How is that spam?  He is not selling anything or pushing a product.

Pookybear


----------



## gc53dfgc (Apr 13, 2010)

pookybear said:


> How is that spam?  He is not selling anything or pushing a product.
> 
> Pookybear


yes he is(correction "was").

his user name is(was) "shopreplicawatches"

His signature is(was) links to a bunch of fake or "replica" watch sale sites.

His post was about nothing and especially nothing even related to this thread or anyhting really for that matter.

He says hello. then something about his first time being on a forum like this or being a guide on this site? Then according to yours in hope of later then to "shop replica watches. Sure looks like pushing a product to me. maybe the word isn't a spammer but sure doesn't sound like he cares about this site or anything. Look at his other 2 posts and where they are posted in and what they translate to. Oh and my translation say he wants to be our leader?


----------



## gc53dfgc (Apr 13, 2010)

Does this gold engine still exist or was it melted down or something?


----------



## tjcruiser (Jan 10, 2010)

The watch spammer has been decimated.


----------



## cabledawg (Nov 30, 2010)

norgale said:


> Here's another engine with a ton of wheels. This one is real and was also made in a 2-8-8-8-4 configuration. Pretty neat. Pete
> 
> This picture is from the June 1972 MR magazine.
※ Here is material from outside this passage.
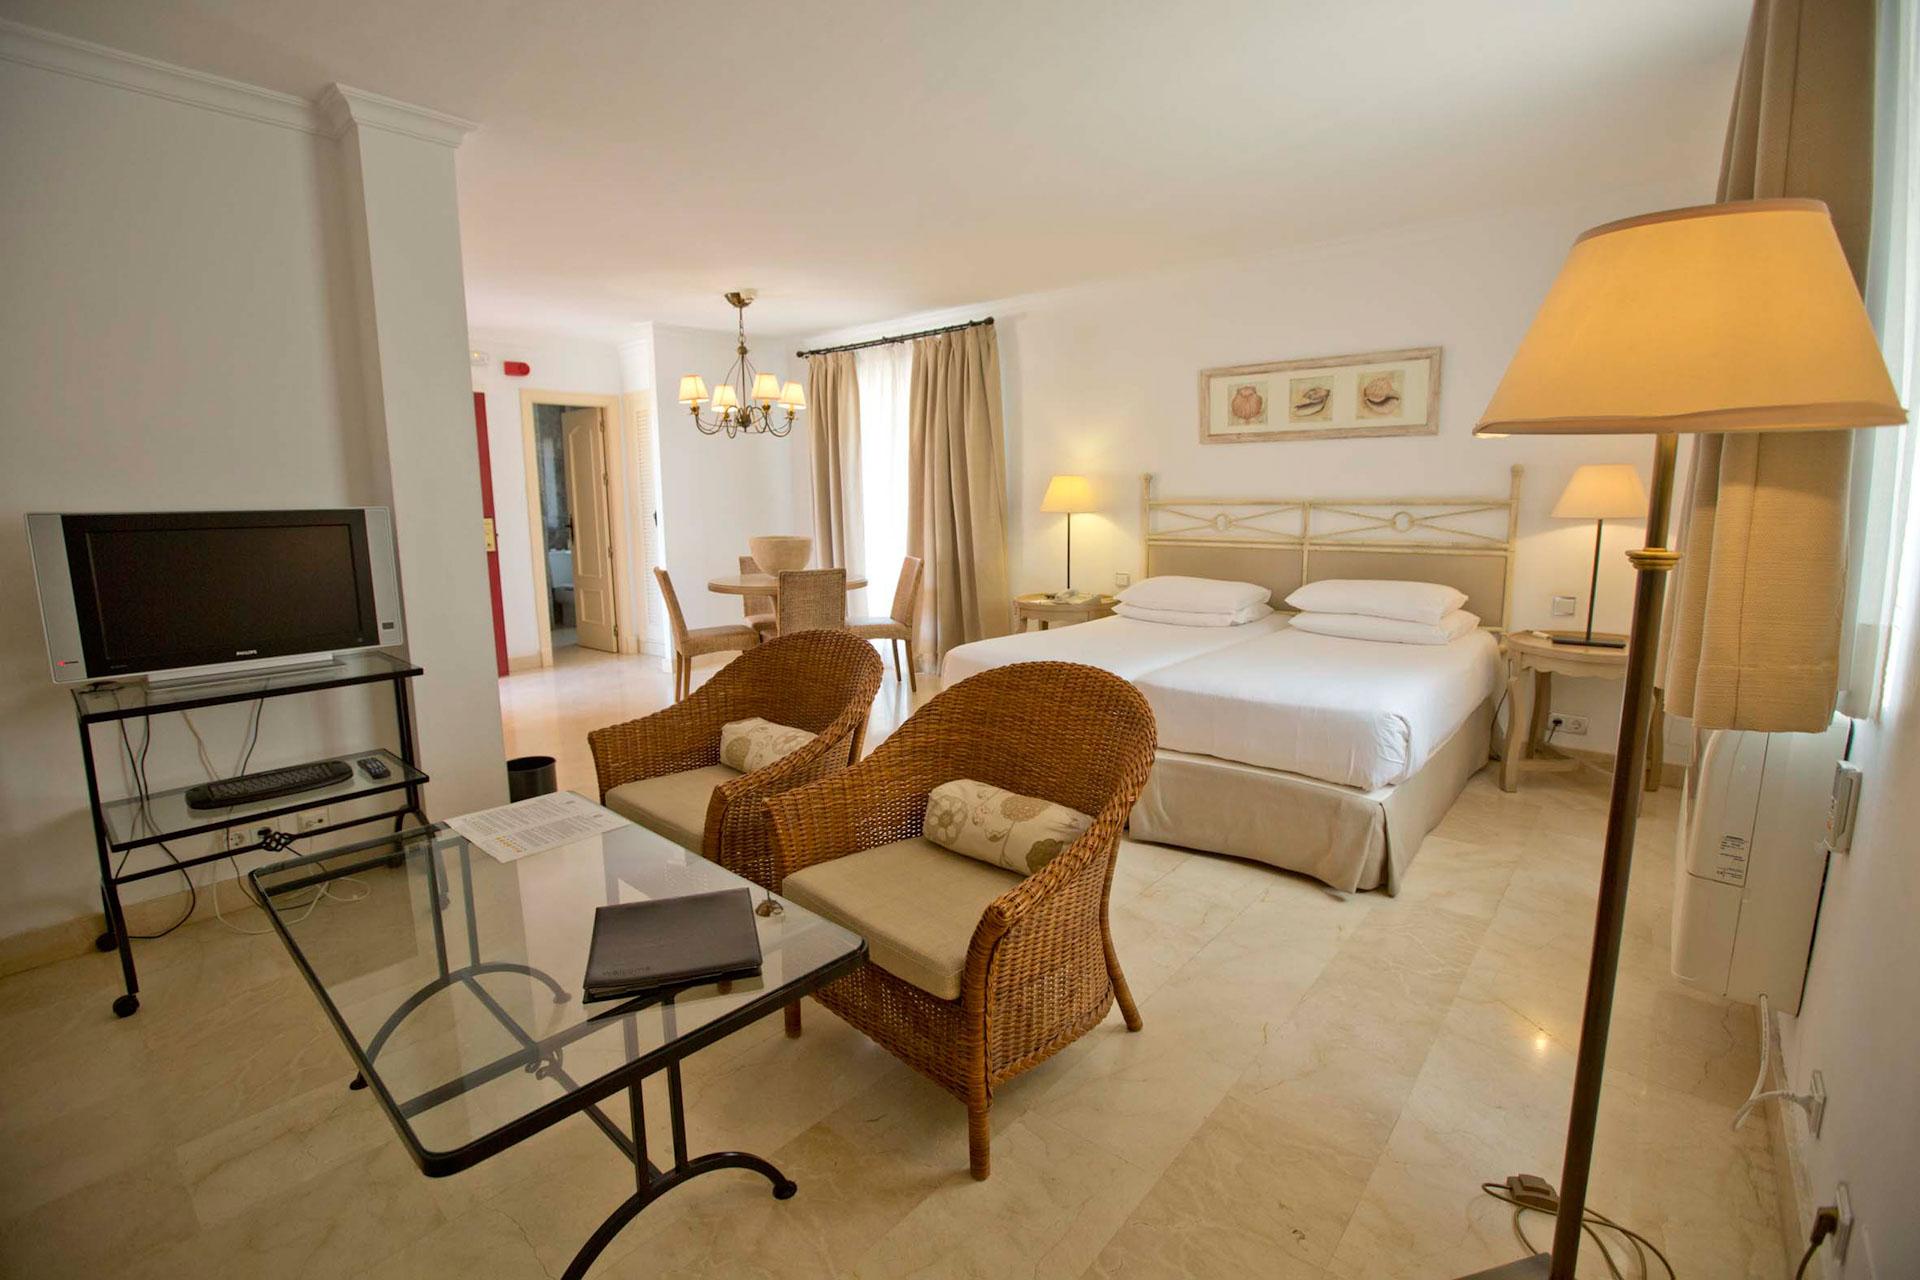 La Manga Club & Las Lomas Village & Principe Felipe Hotel-17291

If memory serves me, there were only three of those made. If I can track down the wikilink, I'll post it up.


----------



## norgale (Apr 4, 2011)

gc53dfgc said:


> OK all is well again Back to trains. That's a lot of gold. How many motors did they have inside of it?


Don't know how many motors in the 4-12-12-12-6 but the 2-8-8-8-6 model that I saw recently has three. One for each set of drivers. Pete


----------